### Data to process

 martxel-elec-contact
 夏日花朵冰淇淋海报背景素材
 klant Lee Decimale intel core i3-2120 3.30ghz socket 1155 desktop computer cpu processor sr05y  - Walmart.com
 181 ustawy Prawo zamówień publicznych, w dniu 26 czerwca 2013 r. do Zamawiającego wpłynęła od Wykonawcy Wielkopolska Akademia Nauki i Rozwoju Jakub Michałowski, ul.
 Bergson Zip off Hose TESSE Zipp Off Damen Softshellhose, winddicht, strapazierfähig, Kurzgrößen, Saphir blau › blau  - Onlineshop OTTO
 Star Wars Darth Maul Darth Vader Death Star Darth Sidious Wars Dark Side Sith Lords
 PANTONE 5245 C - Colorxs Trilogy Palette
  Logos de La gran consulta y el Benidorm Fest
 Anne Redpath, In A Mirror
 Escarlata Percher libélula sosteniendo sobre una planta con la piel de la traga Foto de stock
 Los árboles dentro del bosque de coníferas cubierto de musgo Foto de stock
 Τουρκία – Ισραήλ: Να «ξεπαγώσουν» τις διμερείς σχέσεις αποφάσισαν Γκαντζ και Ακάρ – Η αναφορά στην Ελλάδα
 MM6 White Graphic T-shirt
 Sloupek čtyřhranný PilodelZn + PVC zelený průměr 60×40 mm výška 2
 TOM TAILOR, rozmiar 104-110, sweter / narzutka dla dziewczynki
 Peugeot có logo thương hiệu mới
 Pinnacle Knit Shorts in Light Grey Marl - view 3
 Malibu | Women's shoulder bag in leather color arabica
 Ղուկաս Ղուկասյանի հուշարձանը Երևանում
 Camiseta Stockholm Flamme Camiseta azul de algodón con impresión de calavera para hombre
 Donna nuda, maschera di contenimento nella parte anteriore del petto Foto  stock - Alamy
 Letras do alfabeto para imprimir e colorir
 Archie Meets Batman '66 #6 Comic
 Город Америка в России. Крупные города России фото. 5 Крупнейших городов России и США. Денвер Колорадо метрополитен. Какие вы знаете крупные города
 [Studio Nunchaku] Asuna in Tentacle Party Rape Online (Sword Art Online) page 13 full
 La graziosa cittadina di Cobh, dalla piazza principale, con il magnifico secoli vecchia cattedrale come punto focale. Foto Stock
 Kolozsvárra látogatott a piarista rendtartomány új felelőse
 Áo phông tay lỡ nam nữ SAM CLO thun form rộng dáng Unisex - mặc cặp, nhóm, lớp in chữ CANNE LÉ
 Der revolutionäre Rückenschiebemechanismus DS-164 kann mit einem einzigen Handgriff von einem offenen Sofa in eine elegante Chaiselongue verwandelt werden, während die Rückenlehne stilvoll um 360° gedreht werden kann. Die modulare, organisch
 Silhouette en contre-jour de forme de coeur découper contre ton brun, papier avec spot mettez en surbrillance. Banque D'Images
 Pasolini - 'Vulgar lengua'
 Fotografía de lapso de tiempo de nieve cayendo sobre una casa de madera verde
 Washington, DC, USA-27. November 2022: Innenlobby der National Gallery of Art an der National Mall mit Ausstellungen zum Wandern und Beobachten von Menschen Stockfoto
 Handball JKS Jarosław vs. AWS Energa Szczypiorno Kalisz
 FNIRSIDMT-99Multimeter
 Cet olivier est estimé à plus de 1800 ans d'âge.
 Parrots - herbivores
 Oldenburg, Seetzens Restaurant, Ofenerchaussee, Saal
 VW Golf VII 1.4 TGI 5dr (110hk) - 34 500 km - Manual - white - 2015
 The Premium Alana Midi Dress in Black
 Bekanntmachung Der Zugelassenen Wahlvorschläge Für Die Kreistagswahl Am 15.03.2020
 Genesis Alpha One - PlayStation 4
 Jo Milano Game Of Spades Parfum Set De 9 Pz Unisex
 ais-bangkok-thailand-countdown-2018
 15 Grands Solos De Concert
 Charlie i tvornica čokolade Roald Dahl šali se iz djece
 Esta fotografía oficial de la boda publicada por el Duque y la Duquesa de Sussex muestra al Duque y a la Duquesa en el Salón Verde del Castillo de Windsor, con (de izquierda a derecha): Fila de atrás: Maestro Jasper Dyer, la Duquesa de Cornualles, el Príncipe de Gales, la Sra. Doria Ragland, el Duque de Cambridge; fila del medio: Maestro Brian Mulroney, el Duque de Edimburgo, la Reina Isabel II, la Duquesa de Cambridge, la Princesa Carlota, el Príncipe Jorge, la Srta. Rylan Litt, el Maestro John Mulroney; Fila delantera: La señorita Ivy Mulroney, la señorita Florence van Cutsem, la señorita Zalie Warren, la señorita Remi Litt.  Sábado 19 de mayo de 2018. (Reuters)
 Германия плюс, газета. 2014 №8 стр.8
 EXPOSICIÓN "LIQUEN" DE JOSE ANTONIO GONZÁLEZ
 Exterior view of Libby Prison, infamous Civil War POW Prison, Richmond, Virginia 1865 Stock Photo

######

__Work request__:
Nothing past the line containing "181 ustawy Prawo" should be restated; transcribe the material exactly from its first line through that line.

__Solved exercise__:
 martxel-elec-contact
 夏日花朵冰淇淋海报背景素材
 klant Lee Decimale intel core i3-2120 3.30ghz socket 1155 desktop computer cpu processor sr05y  - Walmart.com
 181 ustawy Prawo zamówień publicznych, w dniu 26 czerwca 2013 r. do Zamawiającego wpłynęła od Wykonawcy Wielkopolska Akademia Nauki i Rozwoju Jakub Michałowski, ul.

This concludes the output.